Hello, I am trying to create an LSTM to learn on toy data that is similar to some data I want to train on. My code runs, but the network does not update itself and does not learn the labels. This is a binary classification problem, so I am storing my labels (0/1) in a tensor of size (num_datapts x 1) and my inputs are in a tensor of size (num_datapts x 3).

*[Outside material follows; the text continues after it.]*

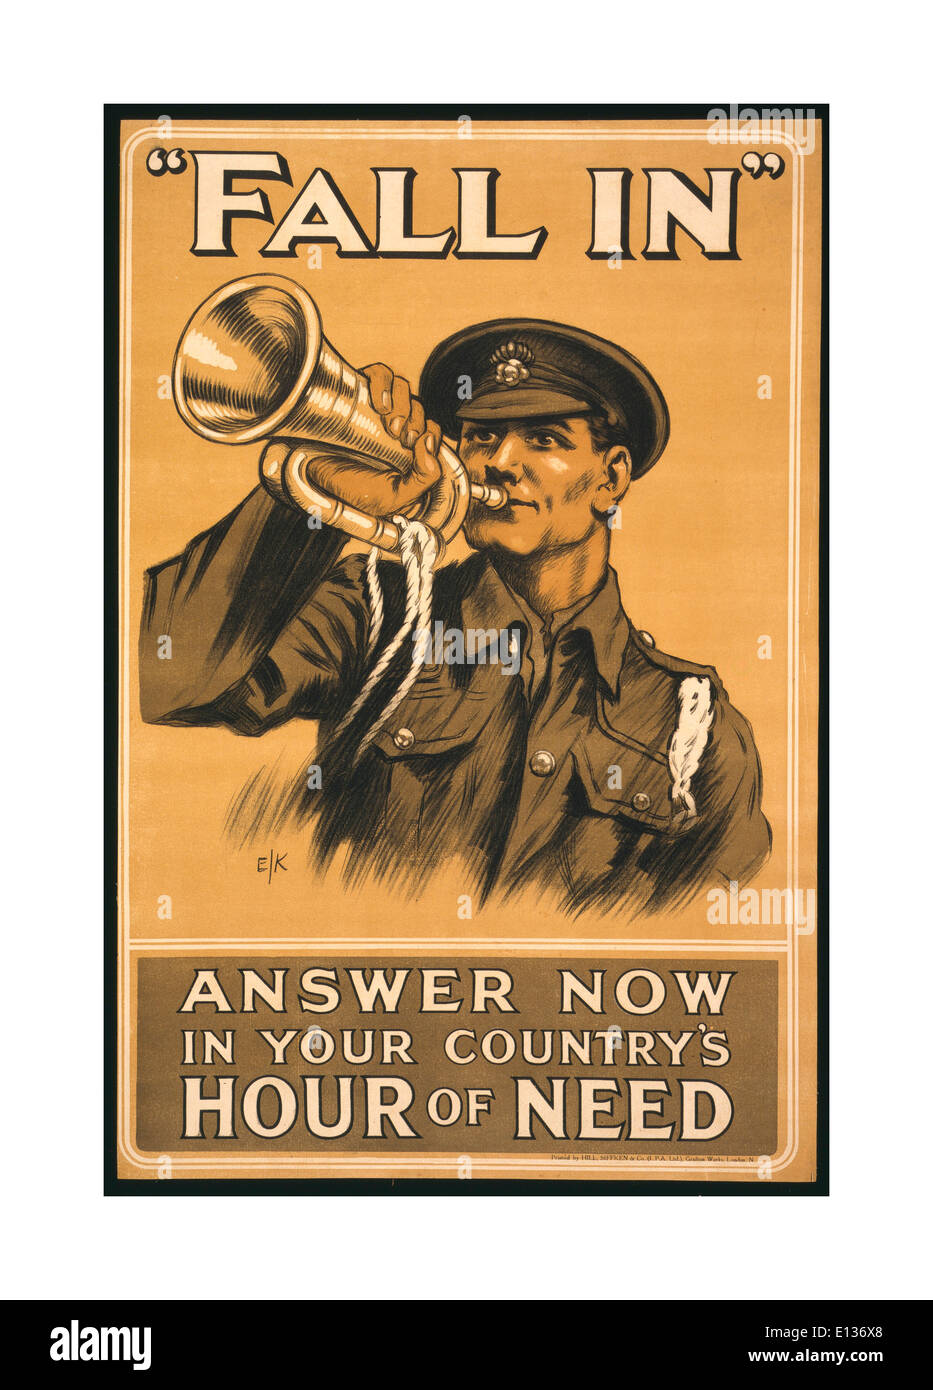 WW1 1914 Recruitment ‘Fall In’ propaganda poster in 1914 UK showing a soldier in uniform blowing 'Fall In' on a bugle World War 1 First World War Stock Photo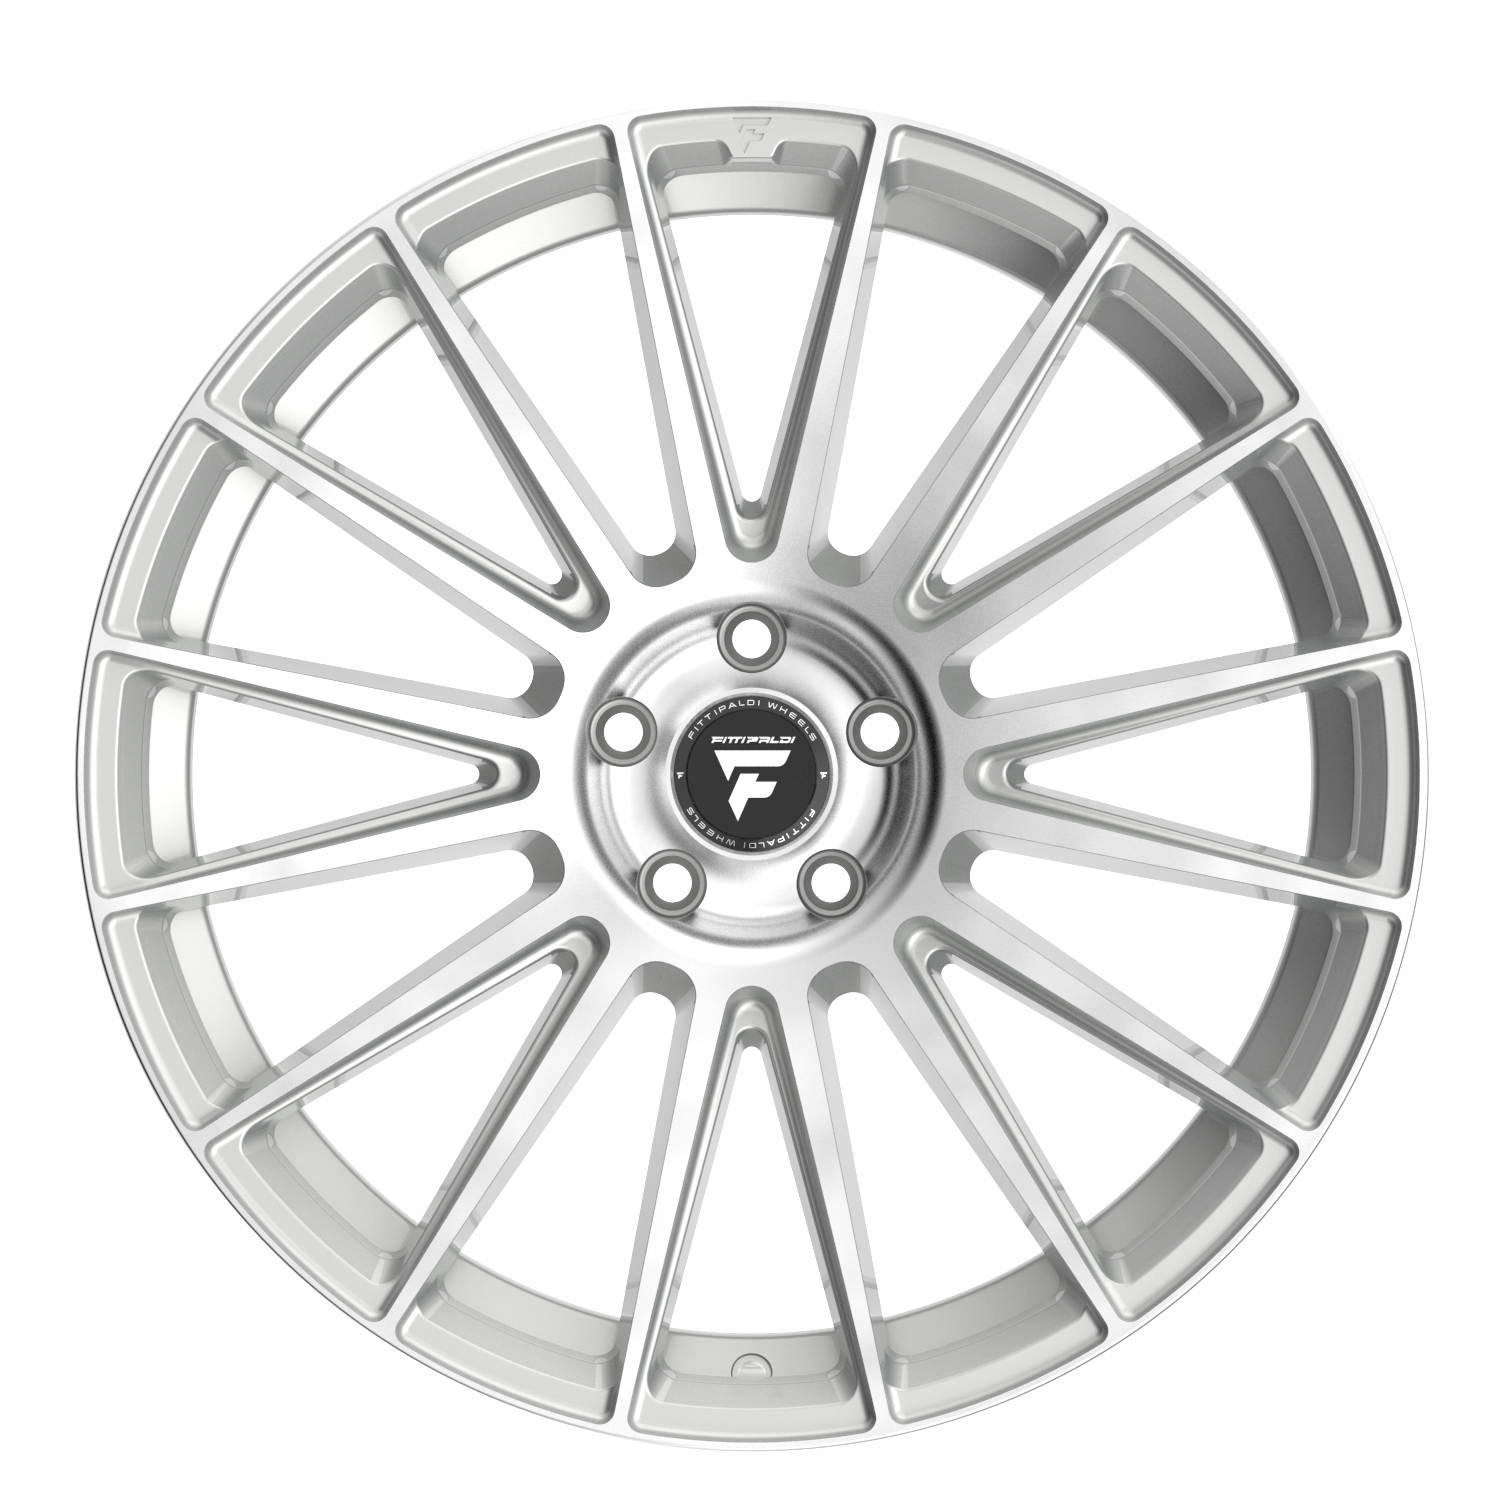 FITTIPALDI 363BS 20X9.5 +38 5X120 Brushed Silver

Here is the complete code:

```
import torch
import torch.nn as nn
import torch.nn.functional as F
import torch.optim as optim
INPUT_SIZE = 3
HIDDEN_SIZE = 3
OUTPUT_SIZE = 1 # why 2?
class MyLSTM(nn.Module):
def __init__(self, input_dim, hidden_dim, output_size):
super(MyLSTM, self).__init__()
self.hidden_dim = hidden_dim
# The LSTM takes word embeddings as inputs, and outputs hidden states
# with dimensionality hidden_dim.
self.lstm = nn.LSTM(input_dim, hidden_dim)
# The linear layer that maps from hidden state space to tag space
self.fc1 = nn.Linear(hidden_dim, output_size)
self.hidden = self.init_hidden()
def init_hidden(self):
# Before we've done anything, we dont have any hidden state.
# Refer to the Pytorch documentation to see exactly
# why they have this dimensionality.
# The axes semantics are (num_layers, minibatch_size, hidden_dim)
return (torch.zeros(1, 1, self.hidden_dim), # hx & cx
torch.zeros(1, 1, self.hidden_dim))
def forward(self, input):
lstm_out, self.hidden = self.lstm(input, self.hidden)
tag_space = self.fc1(lstm_out.view(len(input), -1))
# F.log_softmax applies softmax activation function on outputs
# Take the log because we're going to define the loss function as NLL and it expects that
tag_scores = F.softmax(tag_space, dim=0)
return tag_scores
# Make some input data
inputs = [torch.randn(1, 3), torch.randn(1, 3), torch.randn(1, 3)] # for _ in range(5)] # make a sequence of length 5
#targets = [torch.ones(1,3, dtype=torch.int64), torch.ones(1,3, dtype=torch.int64), torch.ones(1,3, dtype=torch.int64)]
#targets = torch.tensor([[1], [1], [1]], dtype=torch.float32) #torch.tensor([[0], [0], [1]])
# Add the extra 2nd dimension
# Cat concatenates the list of 3 1x3 tensors into one 3x3 tensor.
# View changes the dimensions of the tensor while preserving the data. -1 infers the size from other dimensions.
# This goes 3*(1 x 3) -> (3 x 3) -> (3 x 1 x 3)
inputs = torch.cat(inputs).view(len(inputs), 1, -1)
targets = torch.tensor([0, 0, 0], dtype=torch.float32) #torch.cat(targets)#.view(len(targets), 1, -1)
print targets.dim()
# Train the model
model = MyLSTM(INPUT_SIZE, HIDDEN_SIZE, OUTPUT_SIZE)
loss_function = nn.BCELoss()
optimizer = optim.SGD(model.parameters(), lr=0.1)
# See what the scores are before training
# Note that element i,j of the output is the score for tag j for word i.
# Here we don't need to train, so the code is wrapped in torch.no_grad()
with torch.no_grad():
tag_scores = model(inputs)
print(tag_scores)
for epoch in range(300): # again, normally you would NOT do 300 epochs, it is toy data
# Step 1. Remember that Pytorch accumulates gradients.
# We need to clear them out before each instance
model.zero_grad()
# Also, we need to clear out the hidden state of the LSTM,
# detaching it from its history on the last instance.
model.hidden = model.init_hidden()
# Step 2. Run our forward pass.
tag_scores = model(inputs)
# Step 3. Compute the loss, gradients, and update the parameters by
# calling optimizer.step()
loss = loss_function(tag_scores, targets)
print tag_scores
print loss
loss.backward()
optimizer.step()
with torch.no_grad():
tag_scores = model(inputs)
print(tag_scores)
```

Can anyone tell me what is going on?